Building a New Party
Antislavery Whigs
like Colfax sought to build a new party that combined the antislavery
elements among the Whigs, Democrats, and Free Soilers, a coalition that
eventually emerged as the Republican party. For a brief time, however,
it seemed likely that a nativist organization, the Know-Nothings, might
become the new majority party. The first Know-Nothing lodge in Indiana
opened in early 1854 and by election time the party had grown, in the
words of one Methodist minister, "as thick as the Locusts in Egypt." The
Know-Nothings opposed slavery and alcohol but turned their greatest
passions against Catholics and immigrants.
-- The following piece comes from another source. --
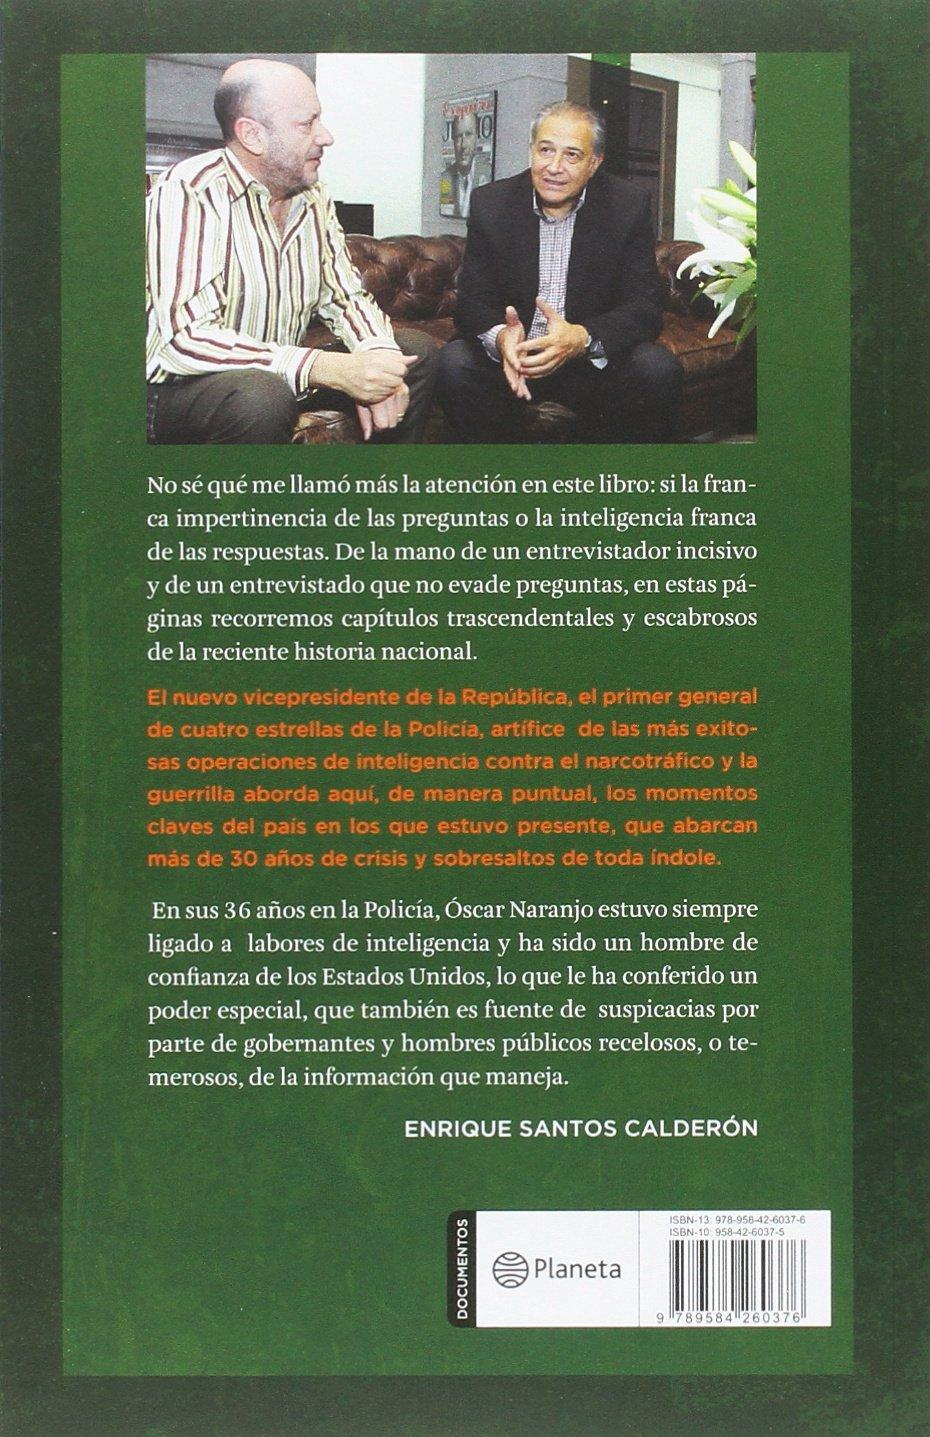 8b4e5694b3 Cazador de la mafia, El: Julio Sánchez Cristo: 9789584260376: Amazon.com:  Books

Although Colfax shared these
nativist prejudices (arguing that "Protestant foreigners, who are
thoroughly Americanized" should be admitted into the party), he made it
clear that he would remain only if the Know-Nothings kept a firm
antislavery plank in their platform. When the new congressman arrived in
the House of Representatives in 1855, it was unclear which members
belonged to what party. The New-York Tribune Almanac estimated that
there were 118 Anti-Nebraska representatives, a number that included
Republicans, anti-Nebraska Democrats, and antislavery Know-Nothings,
comprising a slight majority of the House. By the following year, the
Know-Nothings had already peaked and declined, and Colfax announced that
he would run for reelection as a Republican.
The House of
Representatives proved an ideal arena for Colfax's talents. Short and
stocky, fair-haired, with a ready smile, he got along well with his
colleagues in private but never hesitated to do battle with the
opposition on the House floor. When Republicans held the majority, he
served energetically as chairman of the Committee on Post Offices and
Post Roads, handling the kind of patronage that built political
organizations. Never having been a lawyer, he could put complex issues
of the day into layman's terms. In 1856, his speech attacking laws
passed by the proslavery legislature in Kansas became the most widely
requested Republican campaign document. His speech raised warnings that
it was a short step between enslaving blacks and suppressing the civil
liberties of whites. Watching Colfax battle southern representatives
over the slavery issue, James Dabney McCabe recorded that "Mr. Colfax
took an active part in the debate, giving and receiving hard blows with
all the skill of an old gladiator."
Colfax traveled
widely, spoke frequently, and helped fuse the various Republican and
antislavery groups into a unified party for the 1860 election. When the
southern Democrats seceded and put House Republicans in the majority, he
considered running for Speaker, but after testing the waters declined
to be a candidate. He resumed his chairmanship of the Post Office
Committee. Colfax took a moderate position on emancipation and other
issues of the day, maintaining close ties with both wings of his party.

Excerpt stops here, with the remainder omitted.